Adiabatic Spin Manipulation in EPR Experiment

[Jon_Trevathan]

What would happen if adiabatic processes were applied in the context of a long-distance EPR Experiment? As background for my questions, see http://en.wikipedia.org/wiki/EPR_paradox" )

In the context of the foregoing, please visualize two particles that are http://en.wikipedia.org/wiki/Quantum_entanglement" ) At some distance from their common origin, Alice measures the spin of one of the particles and finds that the spin is in the up direction. If Bob were then to measure the spin of the second particle, he will find that its spin is in the down direction. As often as Alice and Bob wish to repeat this experiment, Bob will find that the spin of his particle is always opposite to that found by Alice.

Now, my specific question:
What would happen if Alice, instead of conducting an ideal measurement, adiabatically imposes a direction of spin on her particle?

Aharonov and Rohrlich in their book "Quantum Paradoxes: Quantum Theory for the Perplexed" provided the following introductory description to this concept:
"How do we eliminate quantum jumping? Consider a closed system in an eigenstate of Hf, a Hamiltonian with discrete, nondegenerate eigenvalues. If Hf does not depend on time, the system never jumps to another state. What if Hf does depend on time? It can depend on time. If we prepare the system in an eigenstate of Hf, and Hf changes quickly, the system may jump to another state. But let Hf change adiabatically (slowly); if Hf changes slowly enough, the system never jumps to another state. Instead of jumping, it adjusts itself to the changing Hamiltonian. The system behaves like a heavy weight hanging on a thin string. Pull the string quickly - it snaps and the weight falls. Pull the string slowly - the weight comes up with it." (See also the “http://en.wikipedia.org/wiki/Adiabatic_theorem" ”).

Based on the foregoing, what happens if Alice adiabatically imposes the up direction of spin on her particle? Is it permissible to assume that the spin of Alice's particle will, at the end of this adiabatic process, always be found to be in the up direction when her ideal measurement is eventually made? If so, what would happen if intermittent ideal measurements be conducted on Alice’s particle as the adiabatic processes are applied? Would also be permissible to assume that the probability of finding the spin of Alice’s particle to be in the up direction would gradually increase? If so, could we also assume that Alice’s findings would directly correlate with the duration of the adiabatic processes that Alice applies prior to each of her intermediate ideal measurements?

Are my assumptions reasonable to this point? If so, let’s now consider Bob’s particle. We know that Bob's particle was entangled with Alice's particle and, because of this entanglement; the spin of Bob's particle will (due to conservation of angular momentum) always be opposite to that found after Alice’s particle is measured. We also know that the purpose of an adiabatic process is to effect change without causing a state change. Accordingly, is it permissible to assume that at the end the adiabatic process that Alice uses to cause her particle to spin in the up direction, that Bob’s particle will still be entangled with Alice’s particle? If so, would it then be reasonable to assume that, for the same axes, the spin of Bob’s particle would always be in the down direction when Bob’s measurement is eventually made?

If so, we might then ask: what would happen if Alice never makes an ideal measurement? Must Alice conduct an ideal measurement on her particle in order to “cause” the spin of Bob’s particle to be in the down direction when his measurement is made? It is my conjecture that such an ideal measurement by Alice is not required. If there is any flaw in my logic or the applicable physics to this point, please help me identify it.

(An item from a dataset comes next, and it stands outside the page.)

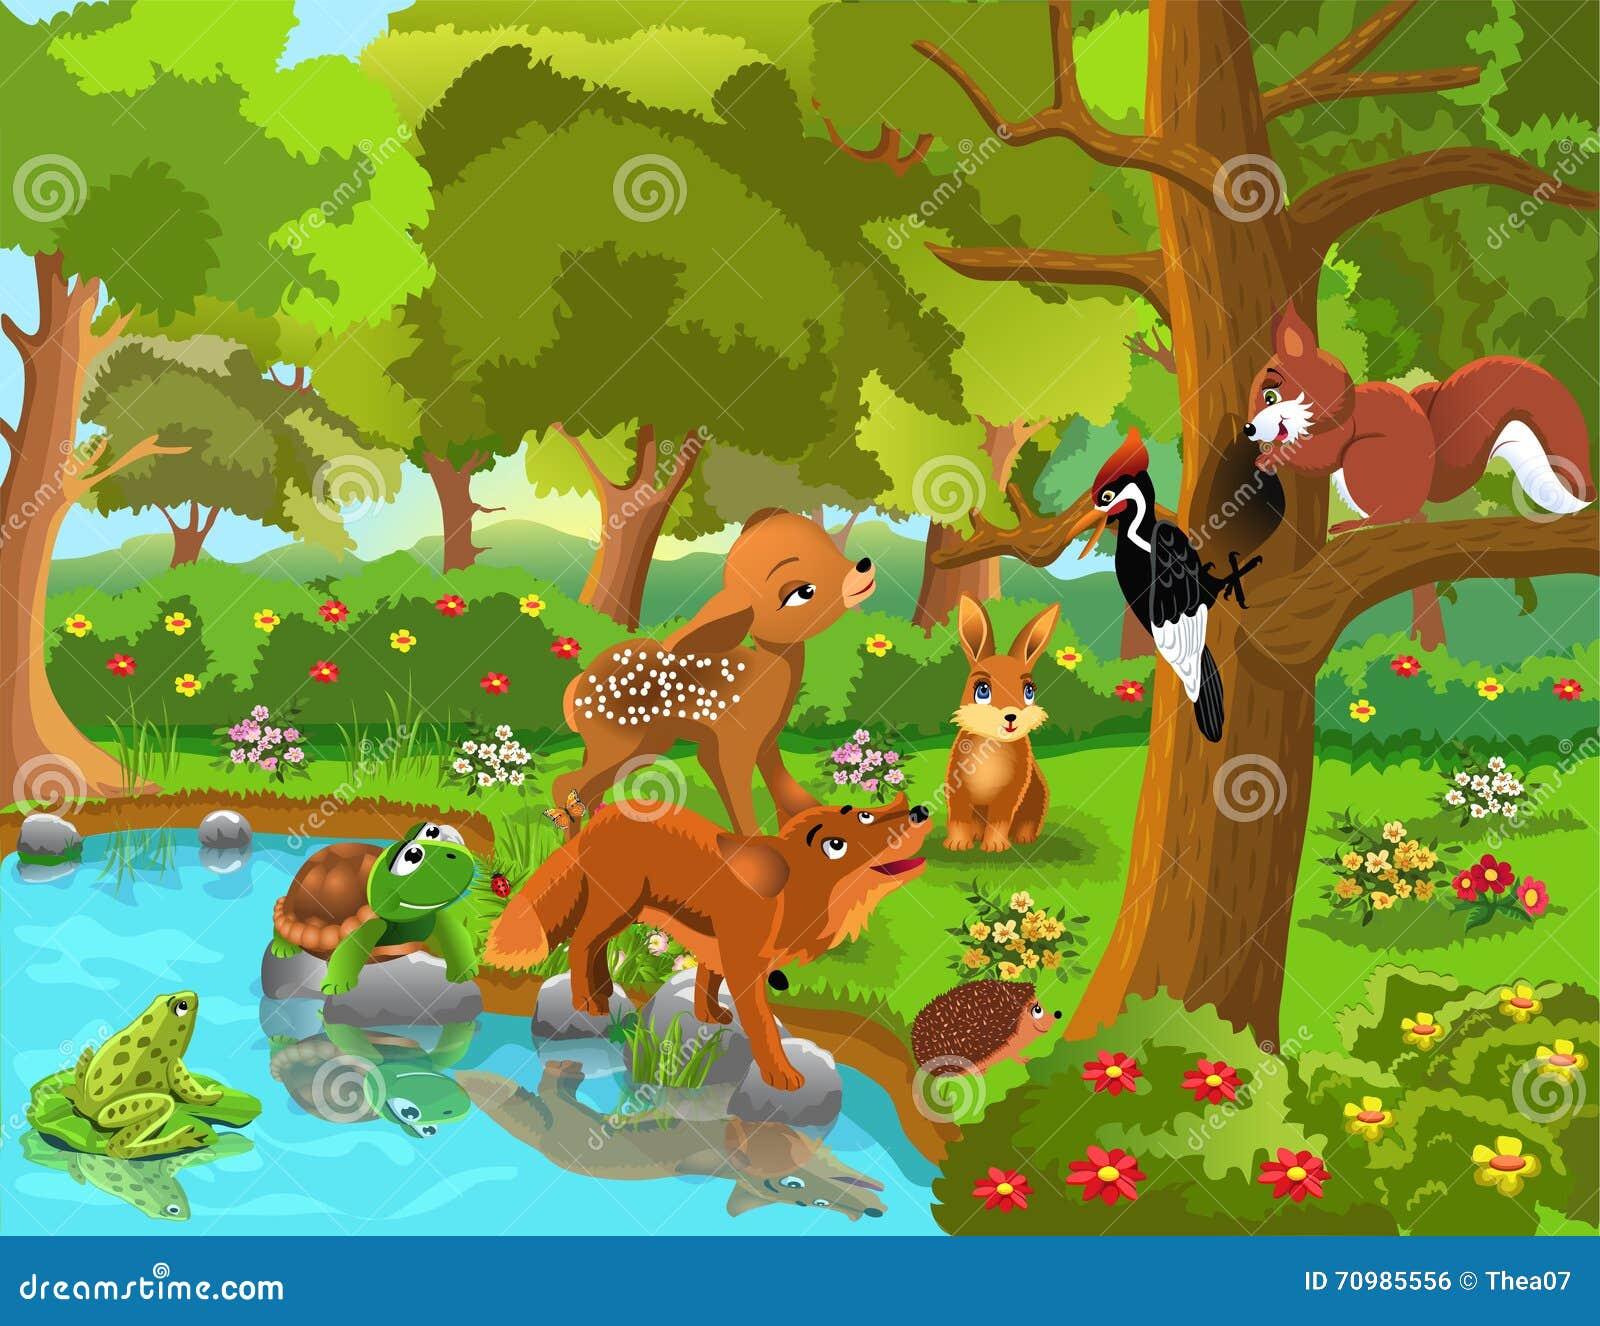 Marten Animal Wallpaper Graphic Design

Previously, I speculated that the probability of finding the spin of Alice’s particle to be in the up direction would gradually increase as a function of the intensity and duration of the adiabatic processes that Alice applied prior to Alice making certain intermediate ideal measurements. In this context, we must again consider what happens to Bob’s particle. Here, as an extension of the foregoing, I would speculate, again assuming Bob’s particle has remained entangled with Alice’s particle, that any increase in the probability of finding the spin of Alice’s particle to be in the up direction would cause a corresponding increase in the probability of finding the spin of Bob's particle to be in the down direction; and that this finding would occur whether or not any ideal measurements were ever conducted by Alice on her particles. Your thoughts on this conjecture would be valued

I have not yet found any experiment that even touch on these conjectures. Is anyone aware of any studies that I may have missed? If relevant experiments have not occurred, is there some reason that such experiments could not be made? If such experiments are not otherwise precluded, could the 18km EPR experiment described below be adopted for this purpose?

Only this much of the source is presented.